**** Material for this exercise
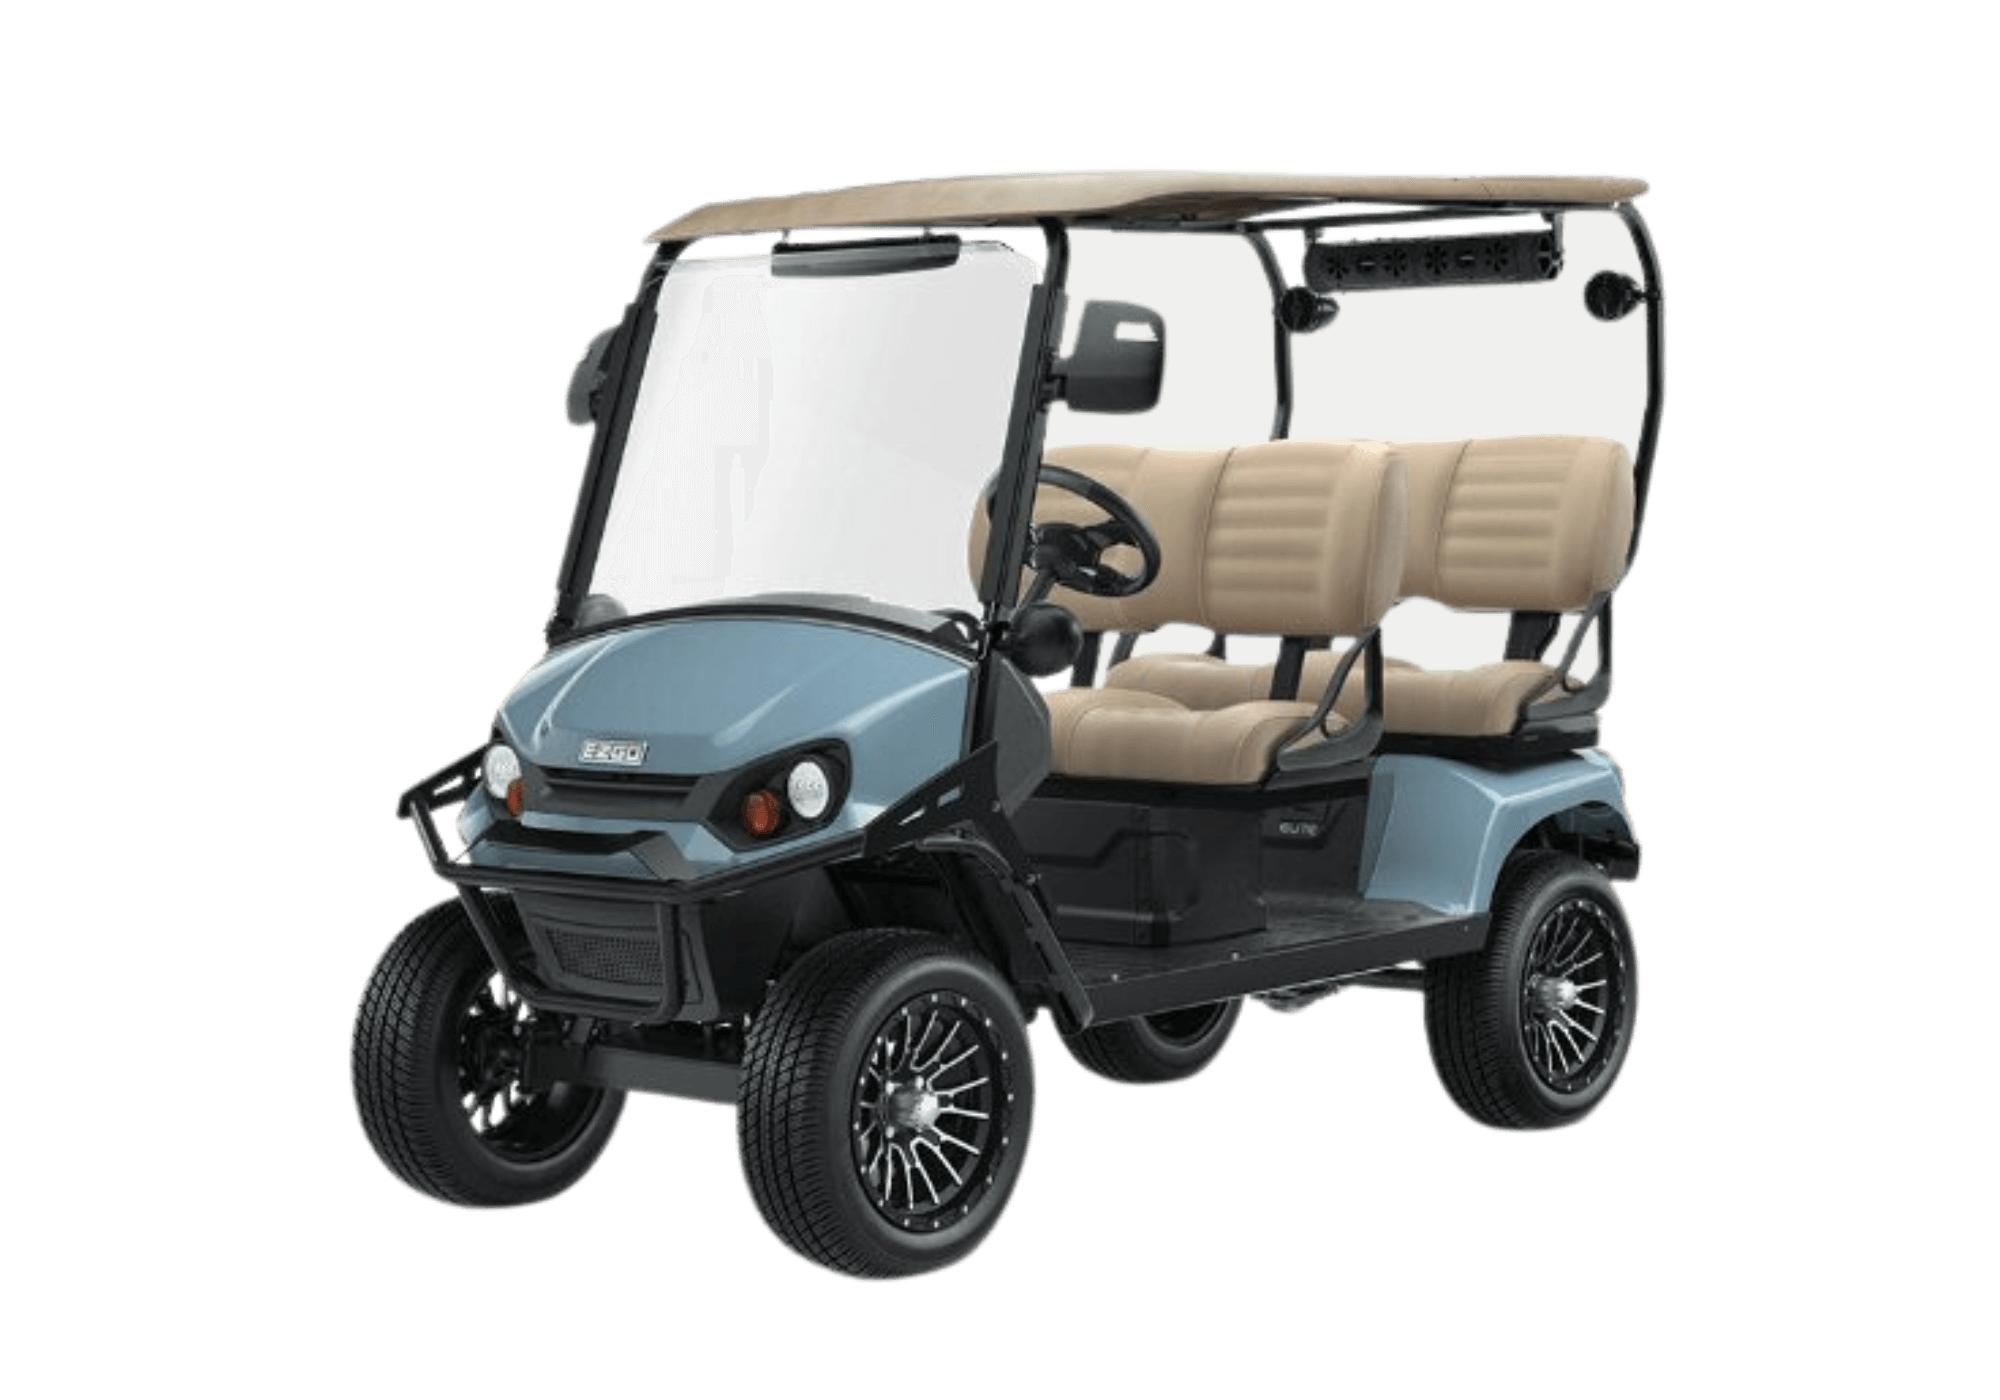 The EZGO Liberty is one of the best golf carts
********
**** Material for this exercise
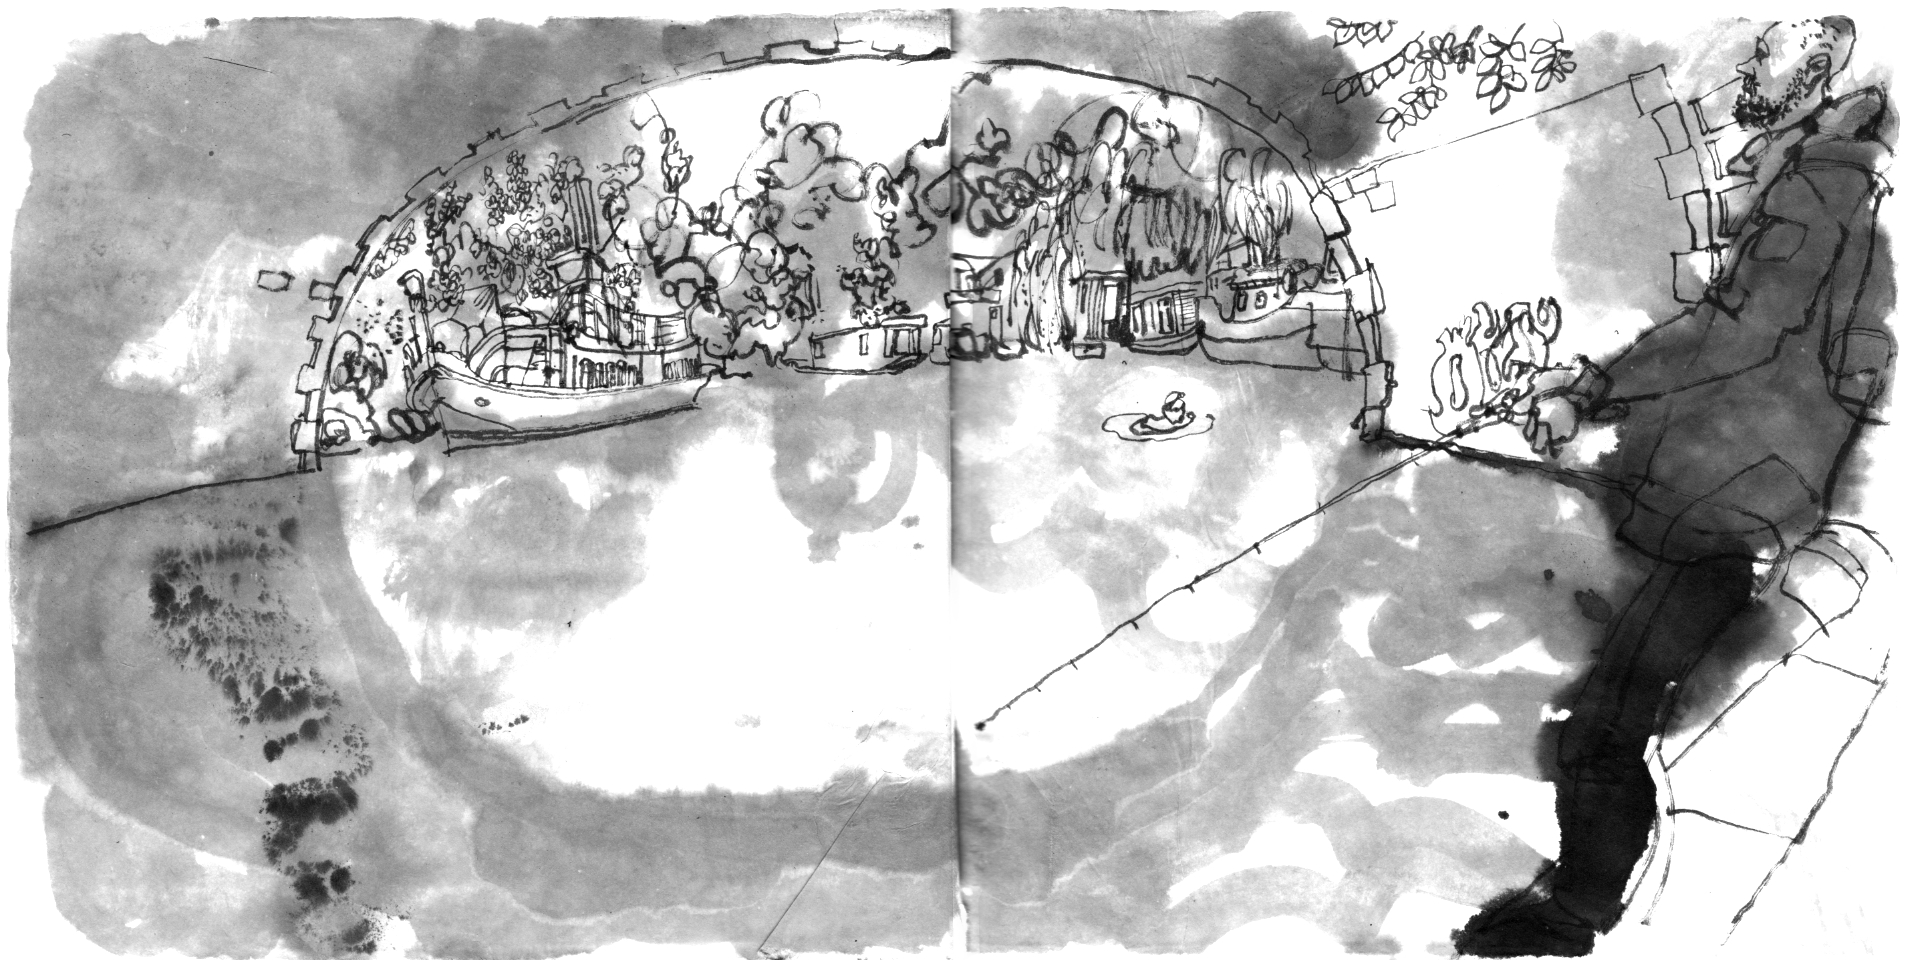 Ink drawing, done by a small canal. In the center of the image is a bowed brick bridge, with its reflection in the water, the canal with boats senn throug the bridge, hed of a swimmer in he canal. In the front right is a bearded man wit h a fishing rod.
********
**** Material for this exercise
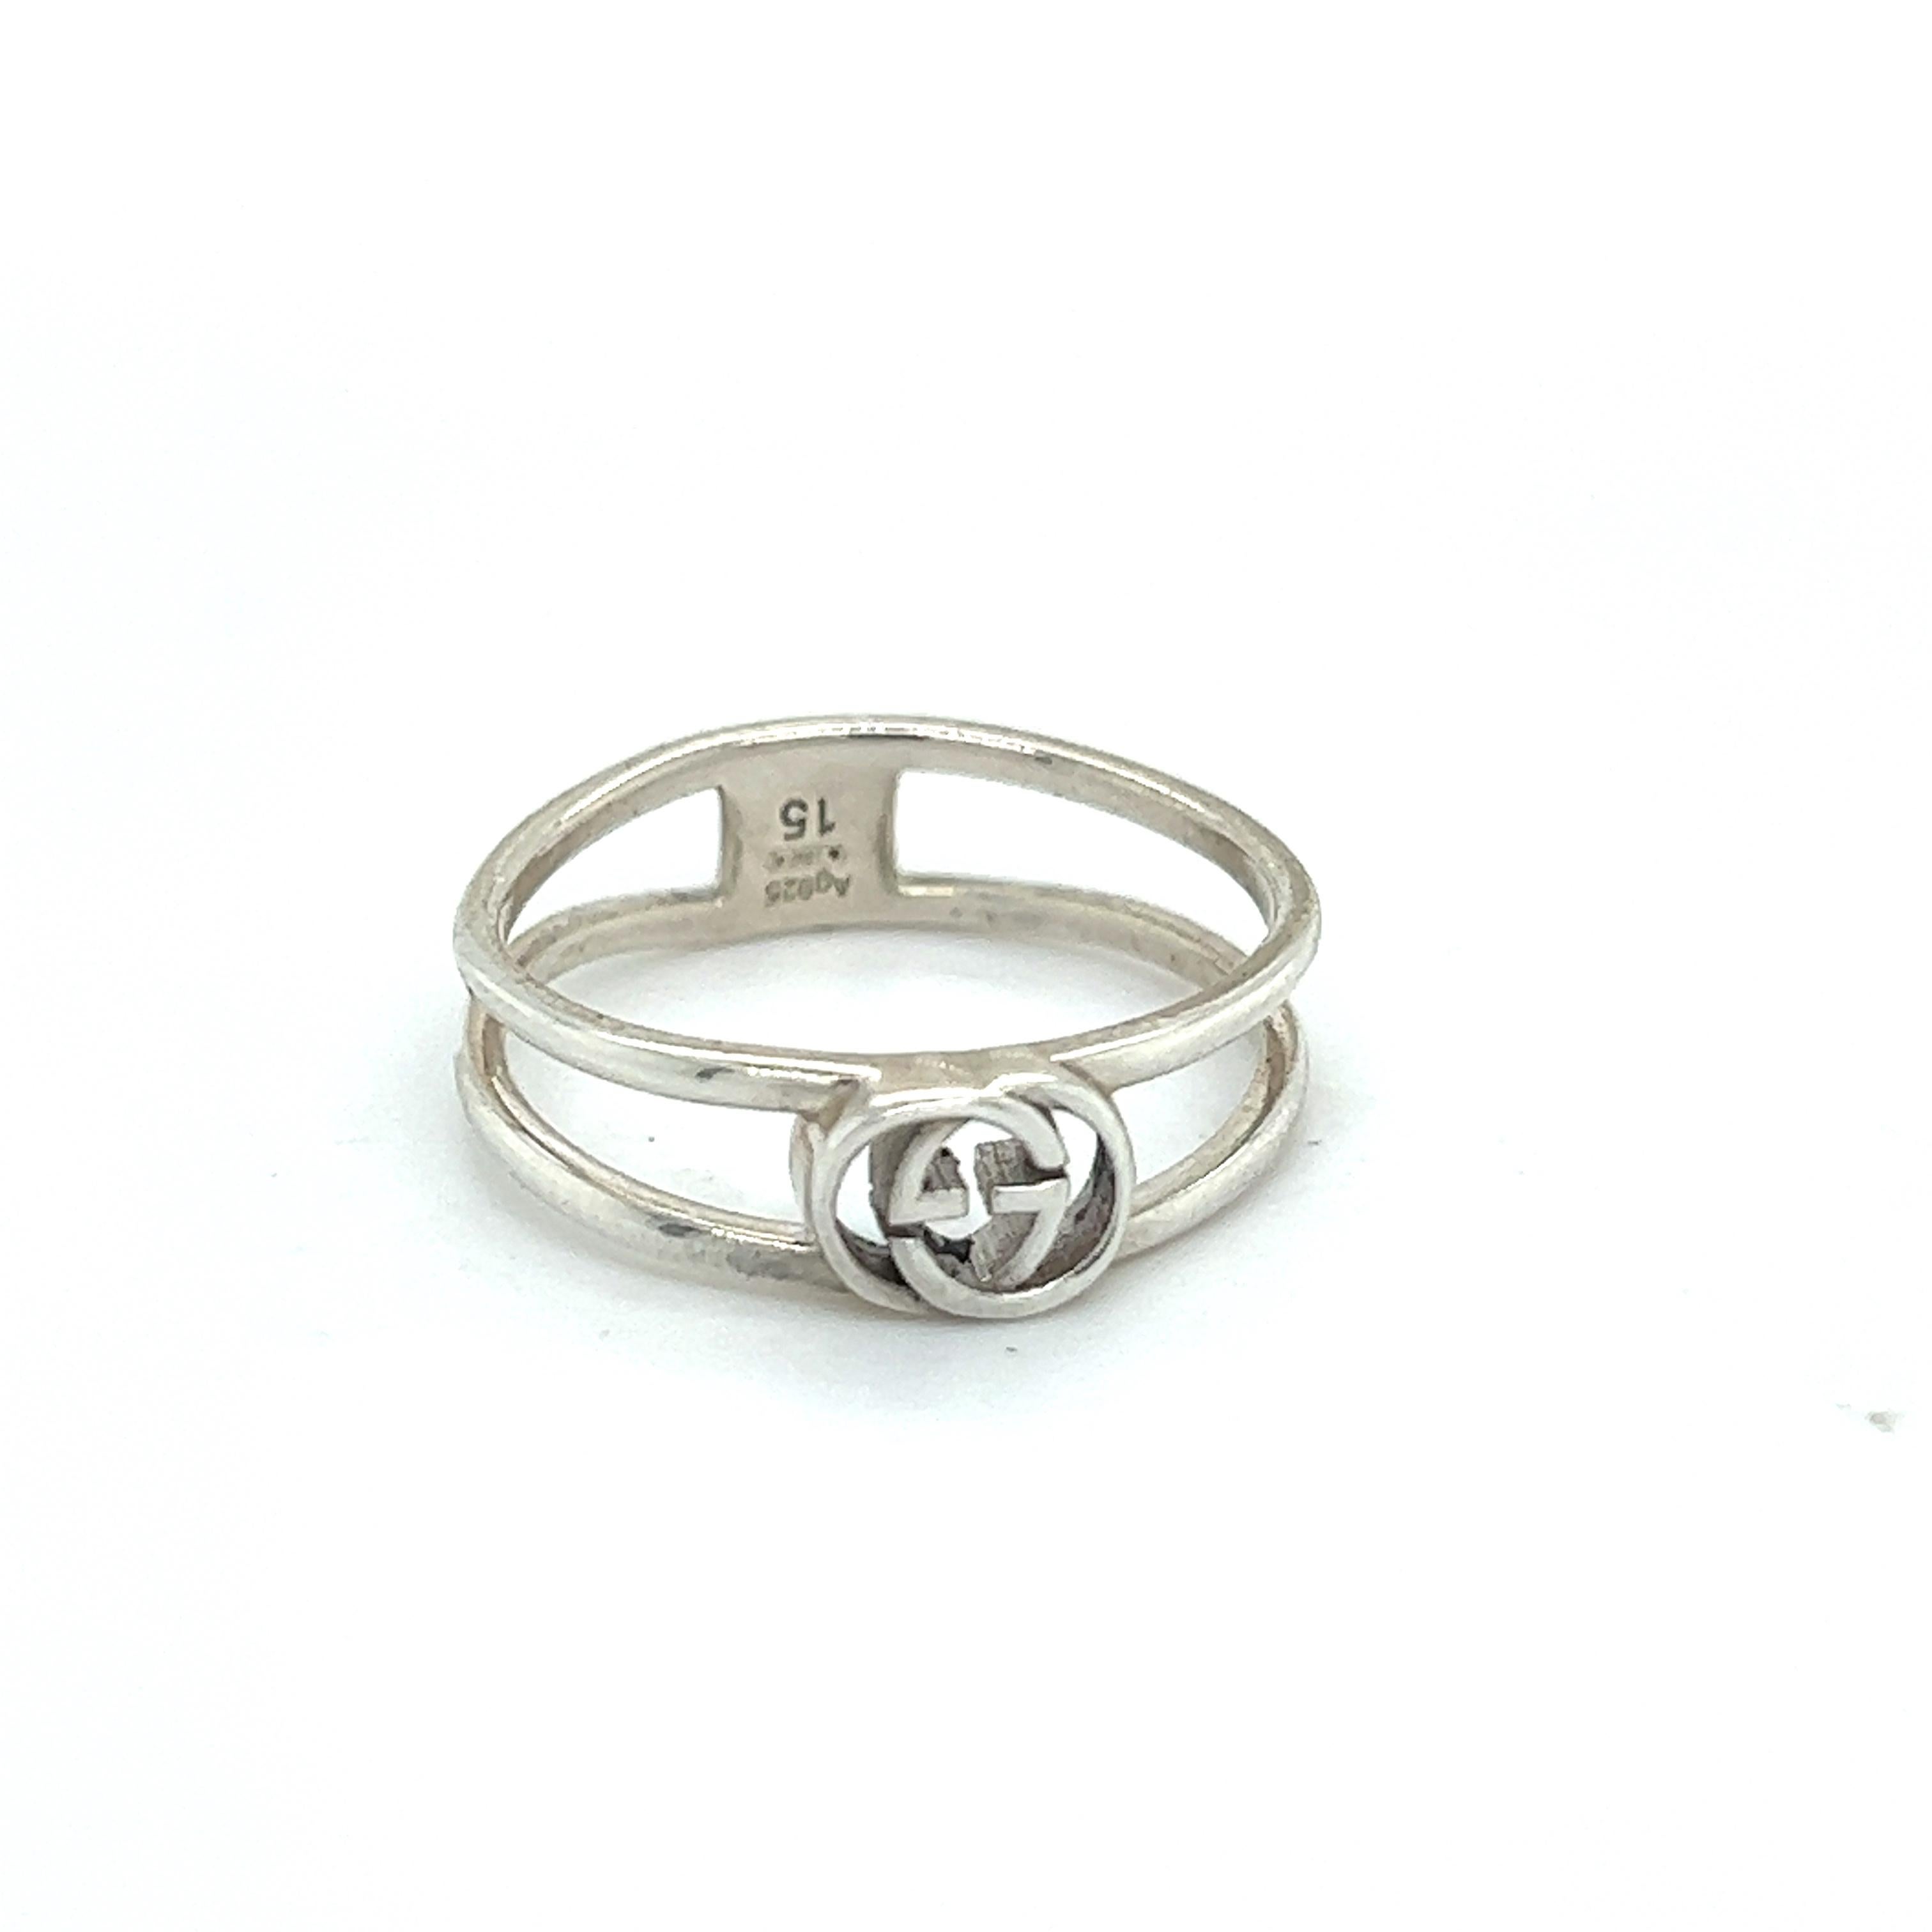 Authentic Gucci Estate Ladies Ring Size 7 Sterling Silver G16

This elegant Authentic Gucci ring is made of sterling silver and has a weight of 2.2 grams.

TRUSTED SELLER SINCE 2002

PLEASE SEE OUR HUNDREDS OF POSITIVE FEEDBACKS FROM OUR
********
Directions for this task:
Above this task is a listing with pictures in it. Retype only the lines from the one containing "Authentic Gucci Estate" through the one containing "PLEASE SEE OUR", both included, and not the pictures.

Solution for this exercise:
 Authentic Gucci Estate Ladies Ring Size 7 Sterling Silver G16

This elegant Authentic Gucci ring is made of sterling silver and has a weight of 2.2 grams.

TRUSTED SELLER SINCE 2002

PLEASE SEE OUR HUNDREDS OF POSITIVE FEEDBACKS FROM OUR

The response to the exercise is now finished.